■ SUPPLIED ENTRIES ■
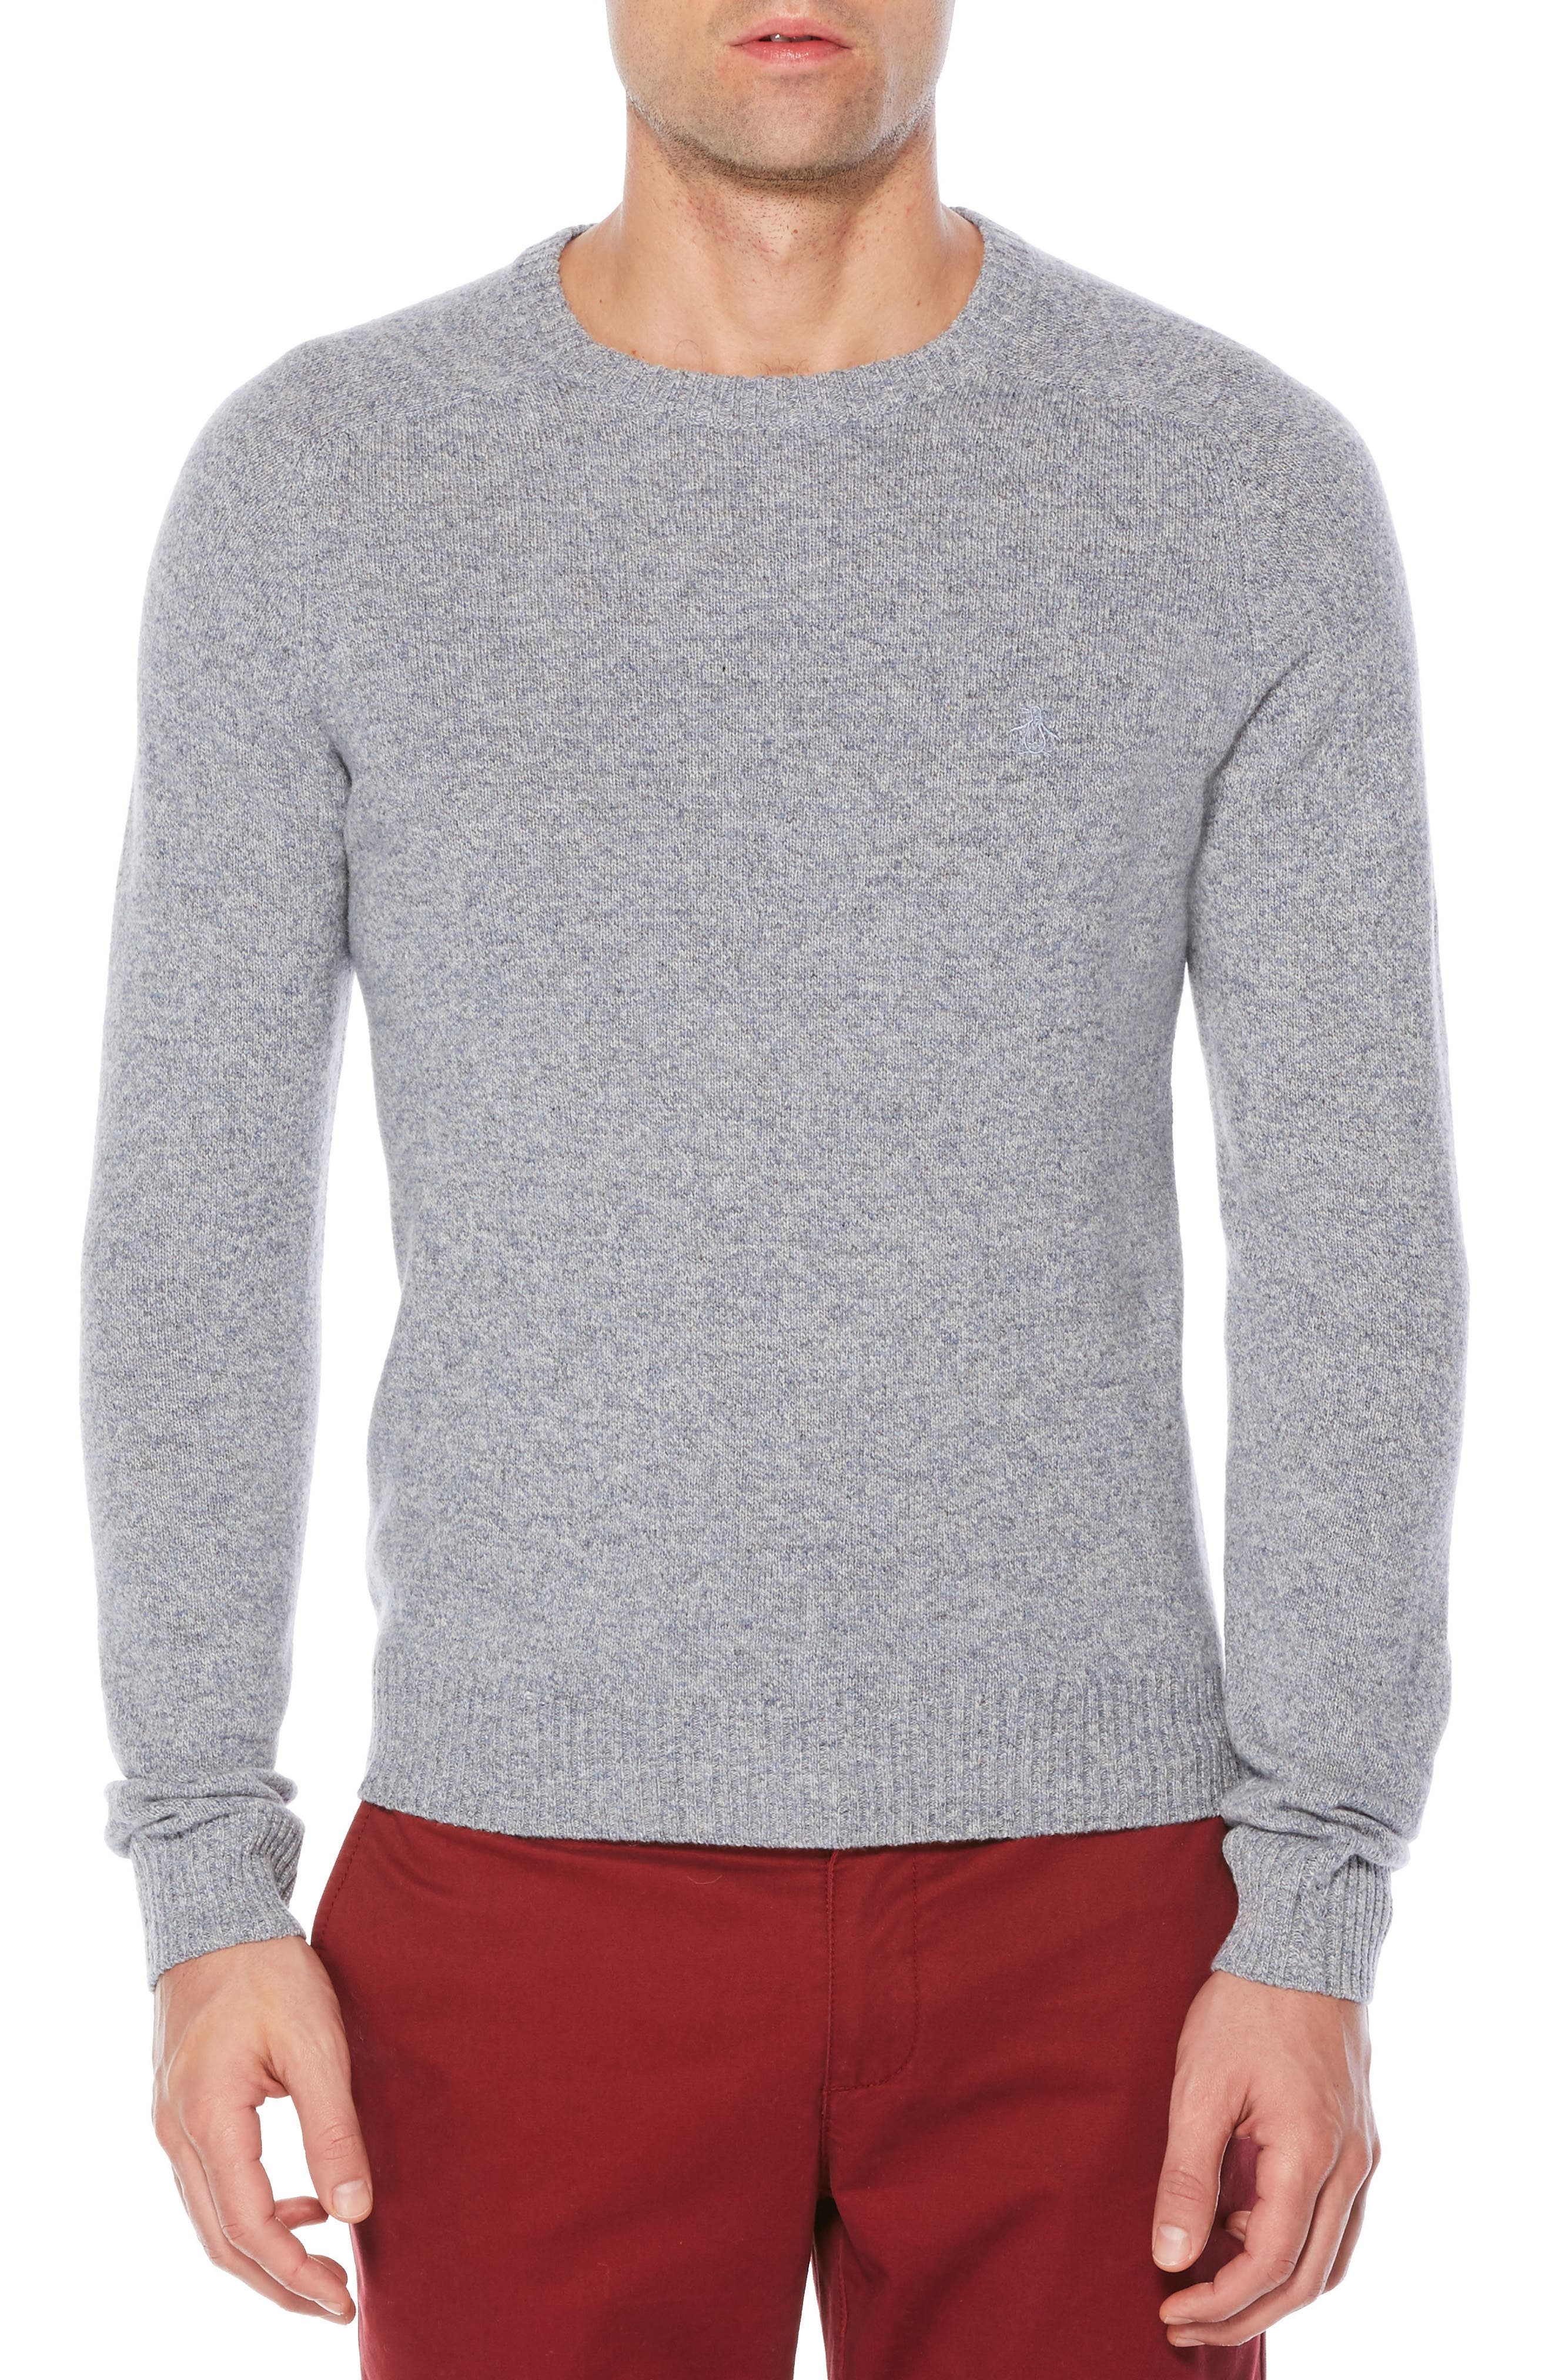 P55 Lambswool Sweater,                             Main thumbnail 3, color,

---

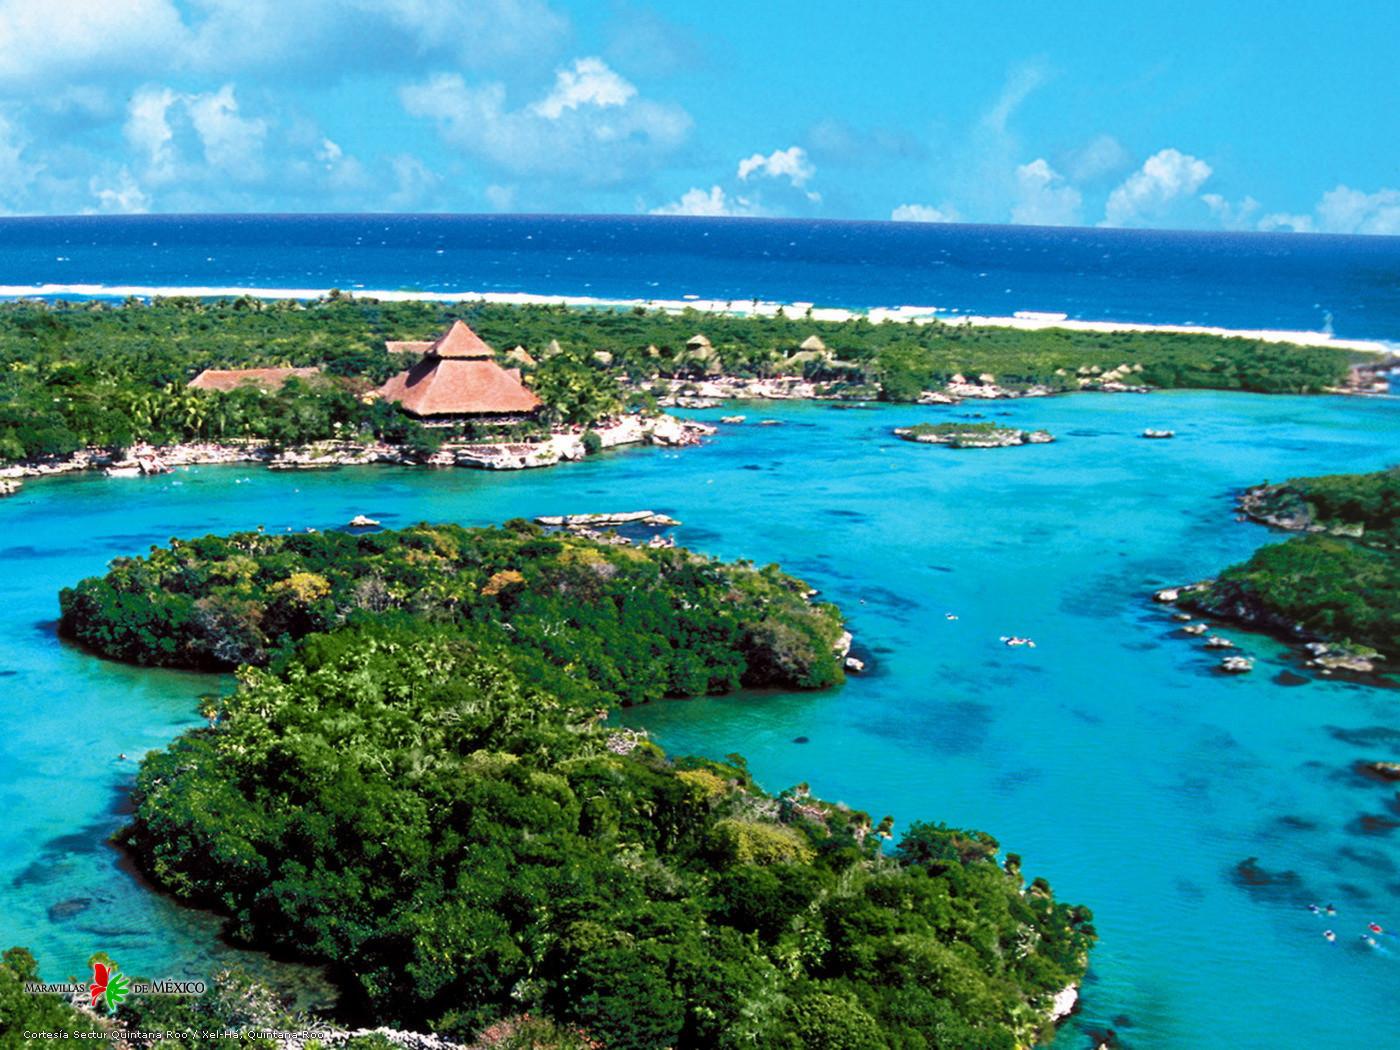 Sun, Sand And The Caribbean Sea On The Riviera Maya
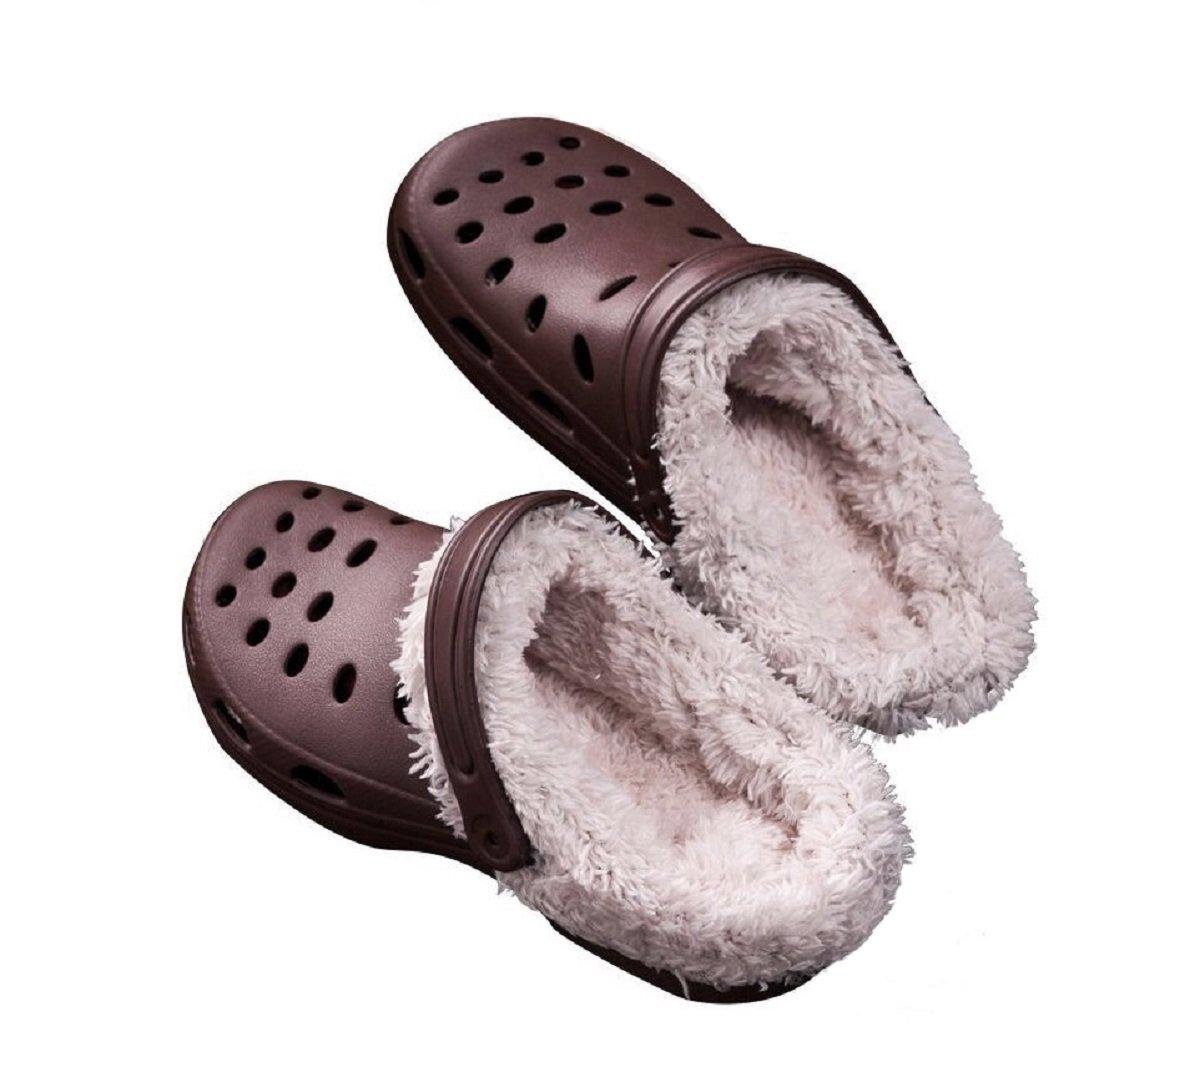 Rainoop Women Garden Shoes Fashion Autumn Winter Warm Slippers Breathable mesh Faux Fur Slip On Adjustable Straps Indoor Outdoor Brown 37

■ WHAT YOU HAVE TO DO ■
Taking the records above, print only and exactly the lines from the line with "Sun, Sand And" to the line with "Rainoop Women Garden", both kept, and exclude pictures.

■ ANSWER BELOW ■
 Sun, Sand And The Caribbean Sea On The Riviera Maya
 Rainoop Women Garden Shoes Fashion Autumn Winter Warm Slippers Breathable mesh Faux Fur Slip On Adjustable Straps Indoor Outdoor Brown 37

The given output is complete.